When I was 17 or so, I was on this weird liquid diet where I ate/drank only 5 or 6 shakes per day. My brother and I were visiting our friend S and passing through the home of some other friends, MJ & D. At the time, I didn't know these other friends very well. I knew them mostly because we are part of the same faith.
I had my disgusting powder to make my disgusting shakes with me. They were best cold and blended up with ice and diet cream soda. Sometimes I had to make do with water, or with them not really blended. This was gross. Since we were traveling, I didn't have any diet soda with me. But I needed to make one of my shakes and since we were at someone's home, I figured I could at least have it blended up. So I looked around for the blender and found it, or at least the top part, the part you put the liquid in. I was holding my little packet of powder and the top of the blender and was looking around for the bottom of the blender. I asked MJ, the lady of the house, "Do you have a base for this?"
She paused, then looked at me strangely. "No," she said.
Hmmm. Awkward moment. OK, she has a blender in her home, but she doesn't have the most important part, the part that blends things. Not only that, but when I ask for the base, she doesn't even have an explanation, like, "Oh! The base, I'm sorry, we accidentally sold it at the yard sale," or "Oh! The base, it electrocuted two people, we don't use it anymore," or something. I mean, who has a blender without a base? What is the point? And when I ask about it, why does she act as if *I* am the weird one? But I am in her home and I don't want to seem ungrateful or rude. And I don't know her that well. So I just say, "Um, OK," and abandon my hopes for a not-disgusting shake. I put the powder in the blender with some water, put the lid on, and self-consciously shake the blender back and forth as one might do with a bottle of juice, trying to pretend like this is what I'd planned all along. She watches me for a moment and goes back to what she was doing before.

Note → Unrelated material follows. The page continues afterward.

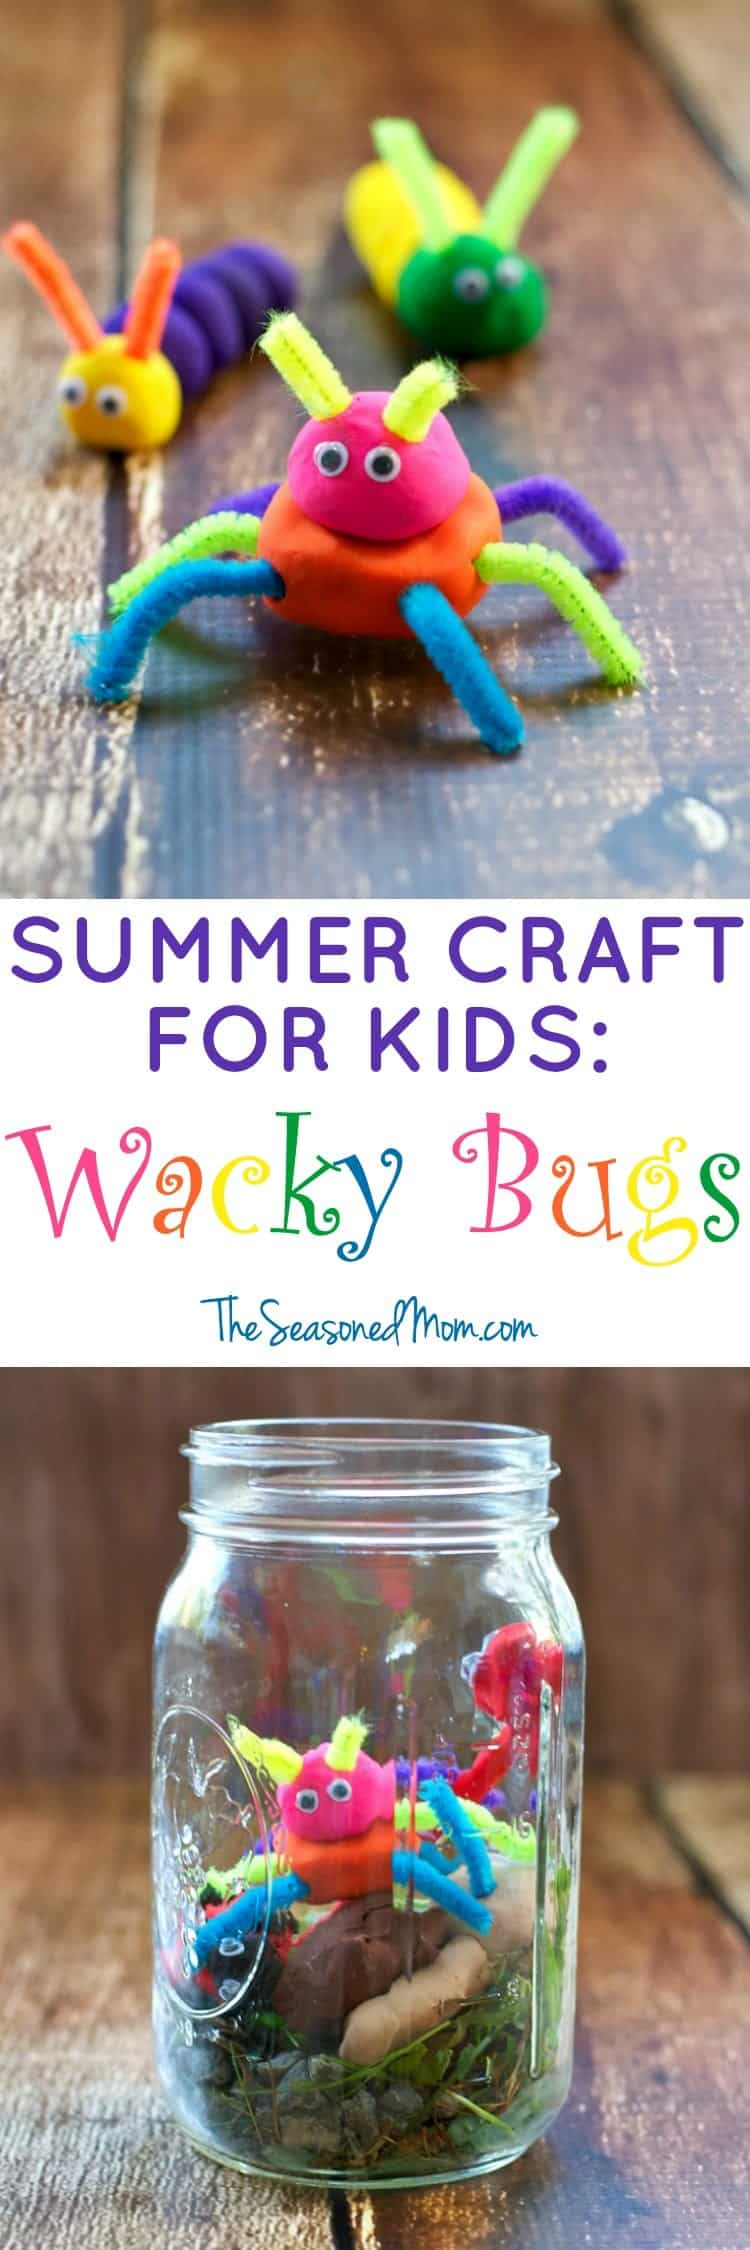 Summer Craft for Kids: Wacky Bugs - The Seasoned Mom

Sometime later, I find this out (How, I don't remember. MJ and S must have discussed it and told my brother?):
MJ saw me, standing there with the powder, and when I asked if she "had a base for this," she thought I meant the base for my liquid shake. Like, "Do you happen to have, in your house, the base ingredient for my liquid shake, even though I am merely passing through, you hardly know me, and you didn't know until today that I drink liquid shakes?" Awkward moment for her. Hmmm. What kind of crazy question is that? And how to respond to such absurdity while still being polite? She settled for "No" and a bewildered look. Adding to the strangeness for her was my obvious surprise at her answer. Then I proceed to shake up my drink without actually using the blender. (I think that is was on the counter all the time and I just didn't see it. I don't remember that part either.)
When we each found out the other's side of the story, hilarity ensued. When we saw each other after that, sometimes we would ask the other for a base. But time went on and I don't think we've mentioned it for years.
Eighteen years later (a week ago), MJ asks for my address so she can send us a wedding present. It just came. A blender, base and all.
Friday, January 4, 2008
Subscribe to:
Post Comments (Atom)
10 comments:
Love the story... don't you love communication? Great to keep up on you... glad you are doing well!
Most of all, I love you telling this on yourself. I was waiting for the moment to come where she said that it wasn't actually a blender but a planter or inhaling machine or some other device that one wouldn't put a liquid or powder into. Happy blending. I do remember those shakes...
Now that is funny!!!
Great story with a happy ending!
I would have thought you were going to use it as a musical instrument and you needed a base guitar to accompany you.
I remember your shake phase too. Funny story. Two ships passing in the night, perhaps....
Yes, communication is a wonderful thing! Funny that people remember the shakes, so long ago. :) That would have been hilarious, had it not been a blender at all. I am certainly capable of mis-identifying an appliance. I've never been the handiest girl...:) Interesting, isn't it, blogball, how many definitions there are for certain words? As I think about it, base is also slang for crack (or used to be, in the nineties). A basehead meant a crackheard. You're welcome for that crucial piece of cultural enlightenment.
My favorite part of the story is the likelihood of the "base" being right there on the counter in front of you.....hee hee...but in some houses and kitchens it might be hard to find none the less...how
cool that they send you a blender for a wedding present! I betting the shake days on gone..but some yummy healthy fruit smoothies will get you off to a good start...
Indeed, the shake days are gone, for SURE. The any kind of diet days are gone! We're permanently in the eating healthy (with some pizza thrown in there for variety) and exercise days now. Yeah, smoothies.
Ha Ha! This is an awesome story! I love it!
really good story lady! I'm glad I found your blog! now I wanna know, who is this lady who gave you the blender, as if you would tell me, who as far as you know could be a total stranger...but I remember Daisy the dog who barked at the mailman.